Позже, уже в Москве, я продолжал интересоваться астрономией и астрономическими телескопами и в клубе любителей астрономии познакомился с Михаилом Сергеевичем Навашиным[1], известным генетиком и сыном одного из классиков русской биологии академика С. Г. Навашина[2]. Михаил Сергеевич занимался исследованием клеточных механизмов наследственности, которые тогда были в центре внимания генетической науки; из этого направления выросло то, что сейчас называется молекулярной биологией. Одновременно у него был интерес к астрономии, и он очень искусно вытачивал оптические зеркала и делал собственными руками зеркальные телескопы. Общее увлечение привело к тому, что мы с ним очень близко познакомились.
В сорок пятом году он предложил мне поехать с ним наблюдать полное солнечное затмение. В полосе затмения находился Рыбинск, и мы решили отправиться туда и снять внутреннюю корону Солнца. Мы сконструировали специальный телескоп с большим зеркалом диаметром приблизительно тридцать сантиметров, что позволяло получить четкое изображение Солнца диаметром около двух сантиметров. Более того, в этой системе было подвижное зеркало Ньютона, так что не надо было поворачивать весь телескоп.

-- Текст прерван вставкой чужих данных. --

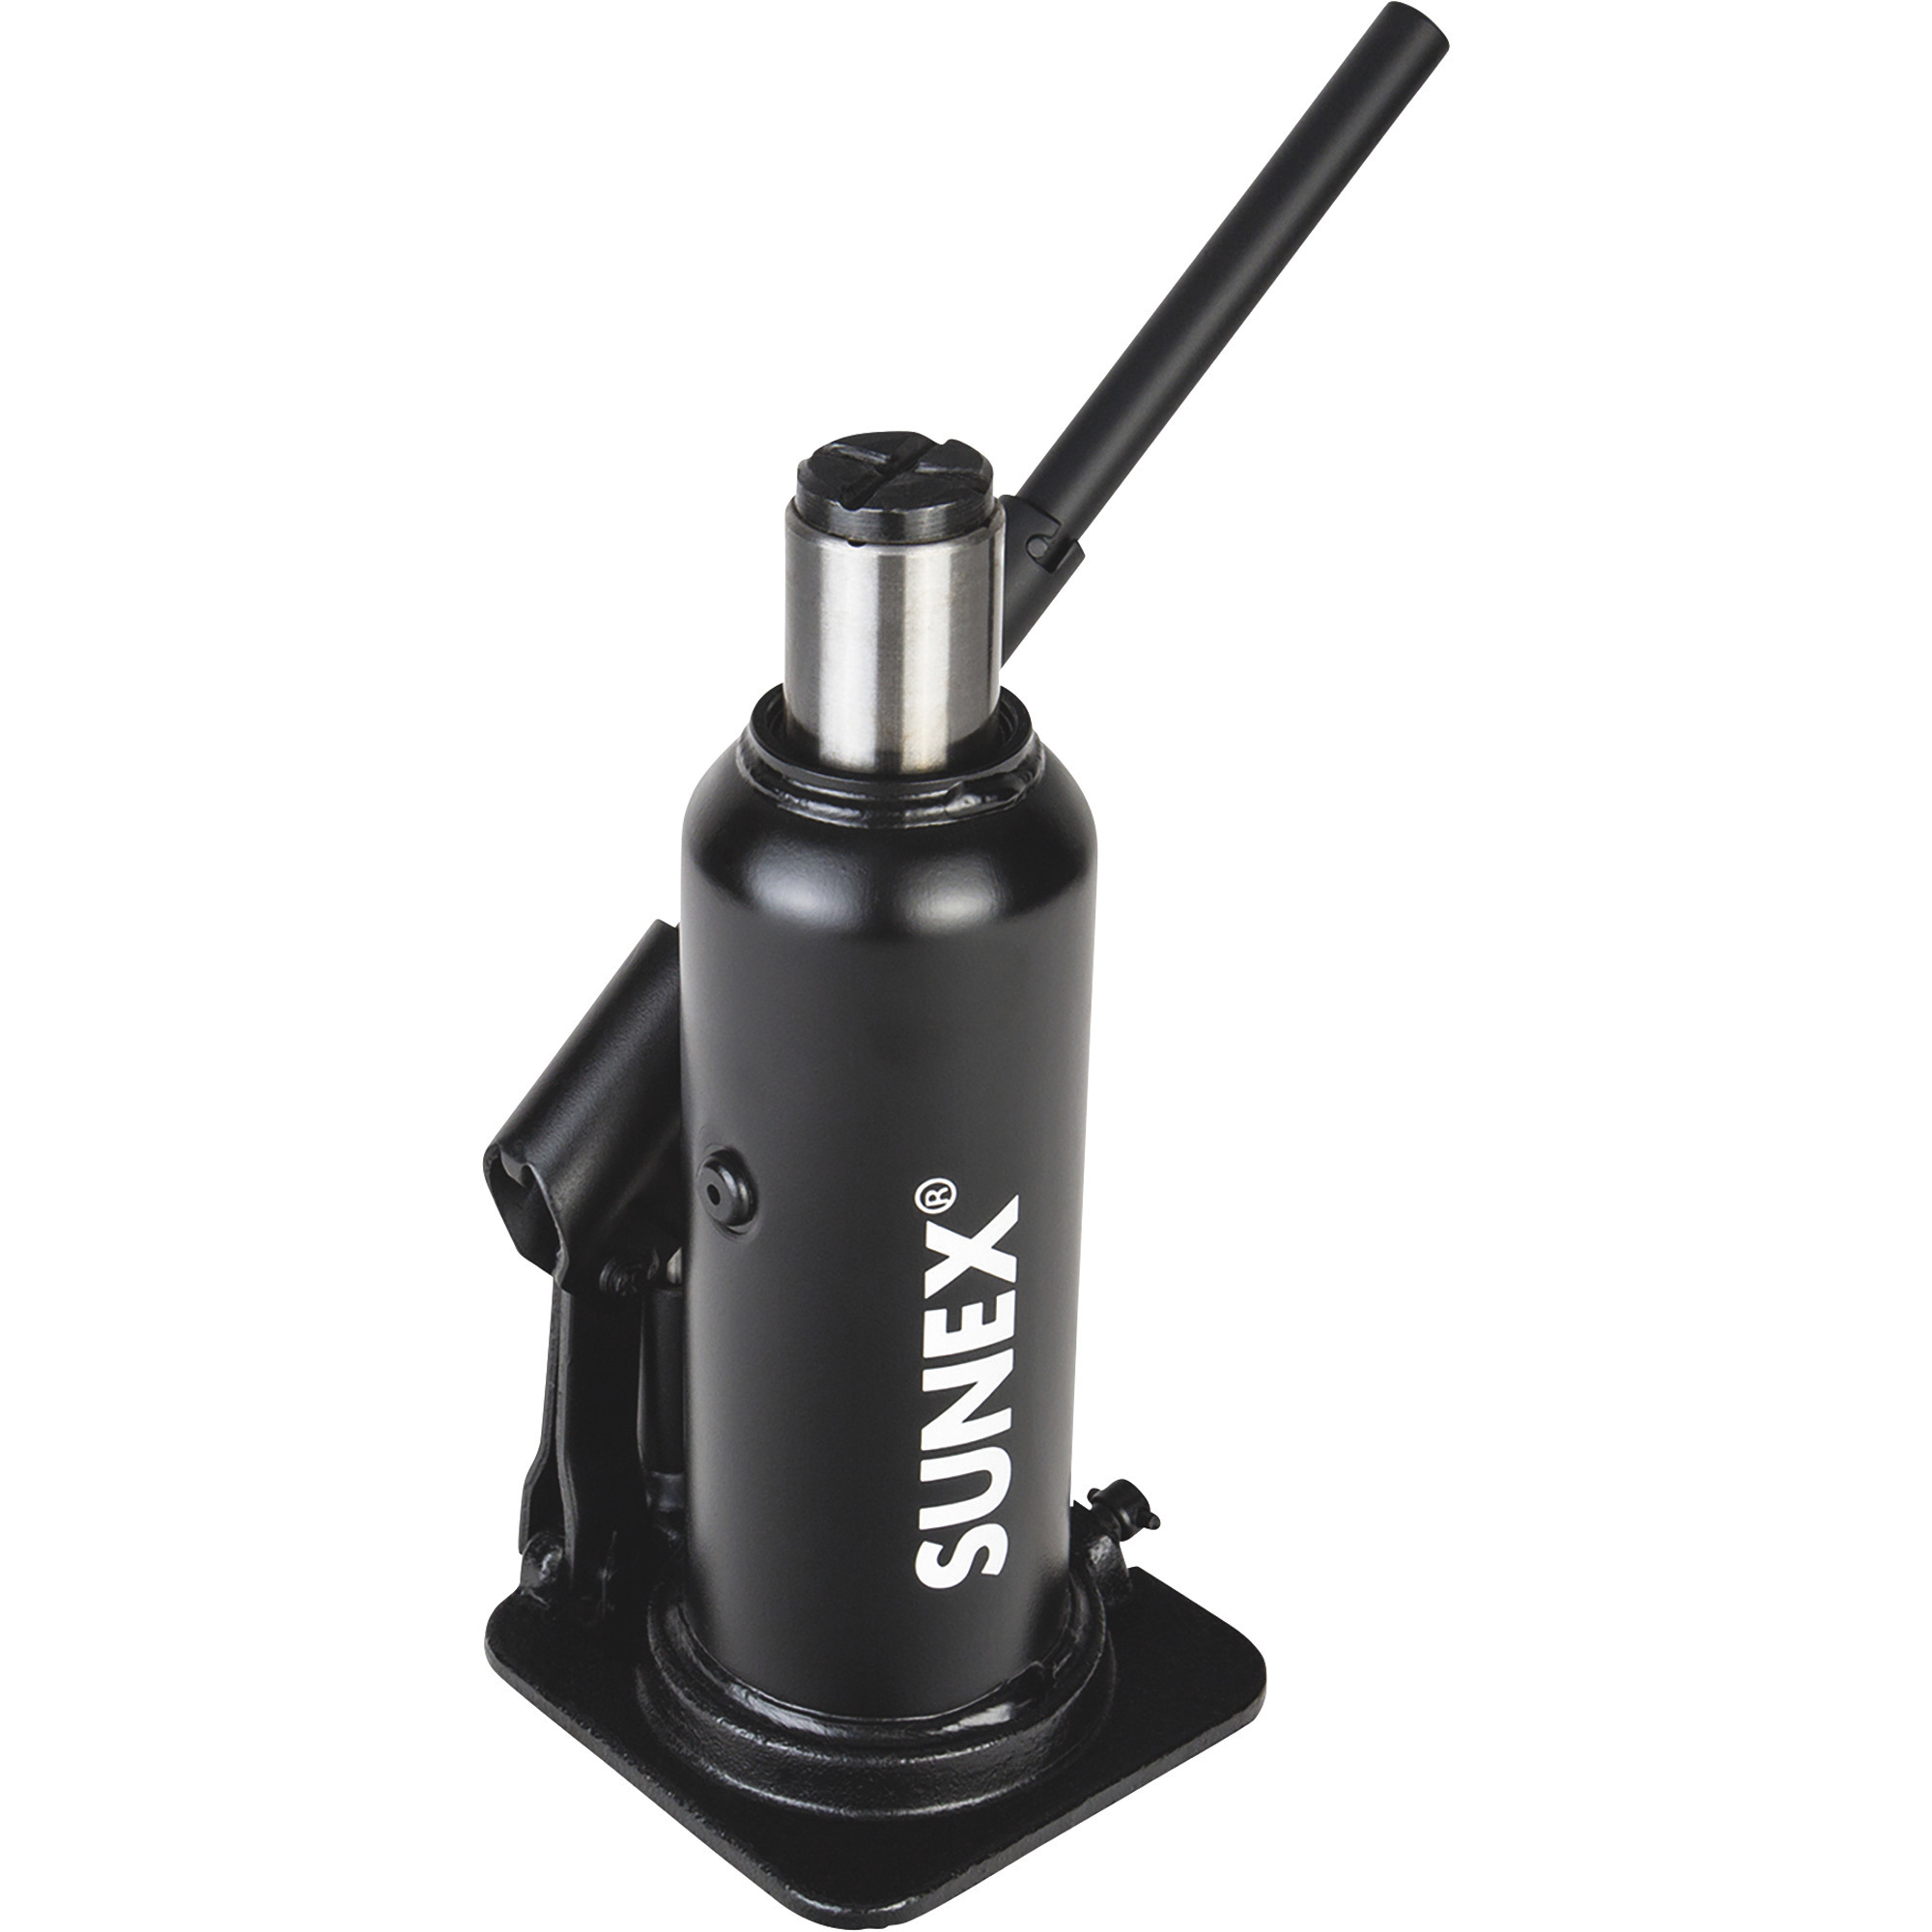 Sunex Bottle Jack, 8-Ton Capacity, Model 4408

Затмение должно было произойти девятого июля, в день рождения моего отца, которое обычно отмечалось на даче, но я предпочел на этот раз поехать в экспедицию.

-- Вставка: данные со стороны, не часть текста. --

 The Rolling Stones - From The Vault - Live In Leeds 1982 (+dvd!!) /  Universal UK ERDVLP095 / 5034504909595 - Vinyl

Мы отправились с речного вокзала в Химках на пароходе. Это была первая летняя навигация после войны. В дороге случилось нечто совершенно невероятное. Пароход по дороге сделал незапланированную остановку, и мы видим: к нашему кораблю подъезжает роскошная открытая машина, как из американских фильмов, в ней сидит молодая женщина и благообразного вида старичок. Это был Н. А. Морозов[3], тот самый шлиссельбургский узник, он возвращался на нашем пароходе в свое имение[4]. Эффектная молодая дама была, кажется, его племянницей. Почтенный старец, крайне бодрый, быстро взбежал на корабль, где ему были приготовлены лучшие каюты первого класса.
На палубе лежала наша большая труба, Морозов увидел ее и заинтересовался. Ведь у него был очень живой интерес к астрономической науке и на основании астрономических данных он хотел пересмотреть историю, высчитывал дату старинных документов по описанию расположения звезд, планет, солнечных и лунных затмений. Это легло в основу его книг «Откровение в грозе и буре», «Пророки», «Христос». «Откровение в грозе и буре» я потом обнаружил на даче у соседей.
Они, правда, спрятали этот том где-то далеко на чердаке, но я нашел его и прочел это романтическое исследование одной из самых загадочных глав Библии.
Вечером Морозов пригласил нас к себе. Мы рассказывали ему о наших планах, а он нас угощал сыром и вареньем из собственного родового имения, которое ему сохранили. Так провели мы с ним три вечера. Знакомство с этим стариком произвело на меня очень большое впечатление. Он сохранил молодость: двадцать пять лет проведенные в Шлиссельбургской крепости в одиночном заключении были как бы вычеркнуты из его жизни, и невозможно было поверить, что ему уже 90 лет. Его живой интерес ко всему был совершенно необычаен.
По случаю затмения около Рыбинска была подготовлена специальная площадка для установки телескопов. На высоком месте был отгорожен участок земли, где стоял ряд научных инструментов. Приехал директор Пулковской обсерватории Михайлов, который, как и мы, собирался снимать внутреннюю корону и измерить смещение видимых мест звезд под действием притяжения Солнца для проверки теории относительности Эйнштейна. К сожалению, увидеть и сфотографировать затмение никому не удалось, потому что погода испортилась: полил дождь. И, как тогда сказали по радио, «затмение не состоялось». На самом деле, не состоялось наблюдение за затмением, хотя туда приехало все местное начальство, и должна была быть большая показуха.
Мой отец, вместо того чтобы праздновать свой день рождения, полетел с сотрудниками и друзьями на самолете в Иваново наблюдать затмение, но они тоже ничего не увидели из-за плохой погоды. Увидеть полное солнечное затмение мне удалось только через много лет. Для этого мы специально поехали целой группой на машинах из Киева в Полтаву.
Для Навашина вскоре наступило ужасное время, поскольку он занимался классической генетикой, и в 1948 году началось его преследование. Лабораторию его разгромили, и он должен был уехать в Ленинград, где его приютили в Ботаническом саду. Но наши отношения продолжались, приезжая в Ленинград, я всегда заходил к нему. Дружба с этим замечательным человеком сыграла в моей жизни большую роль.
Занятия астрономией очень пригодились мне в дальнейшем. Я научился выполнять точную работу собственными руками, конструировать приборы, познакомился с интересными, увлеченными людьми.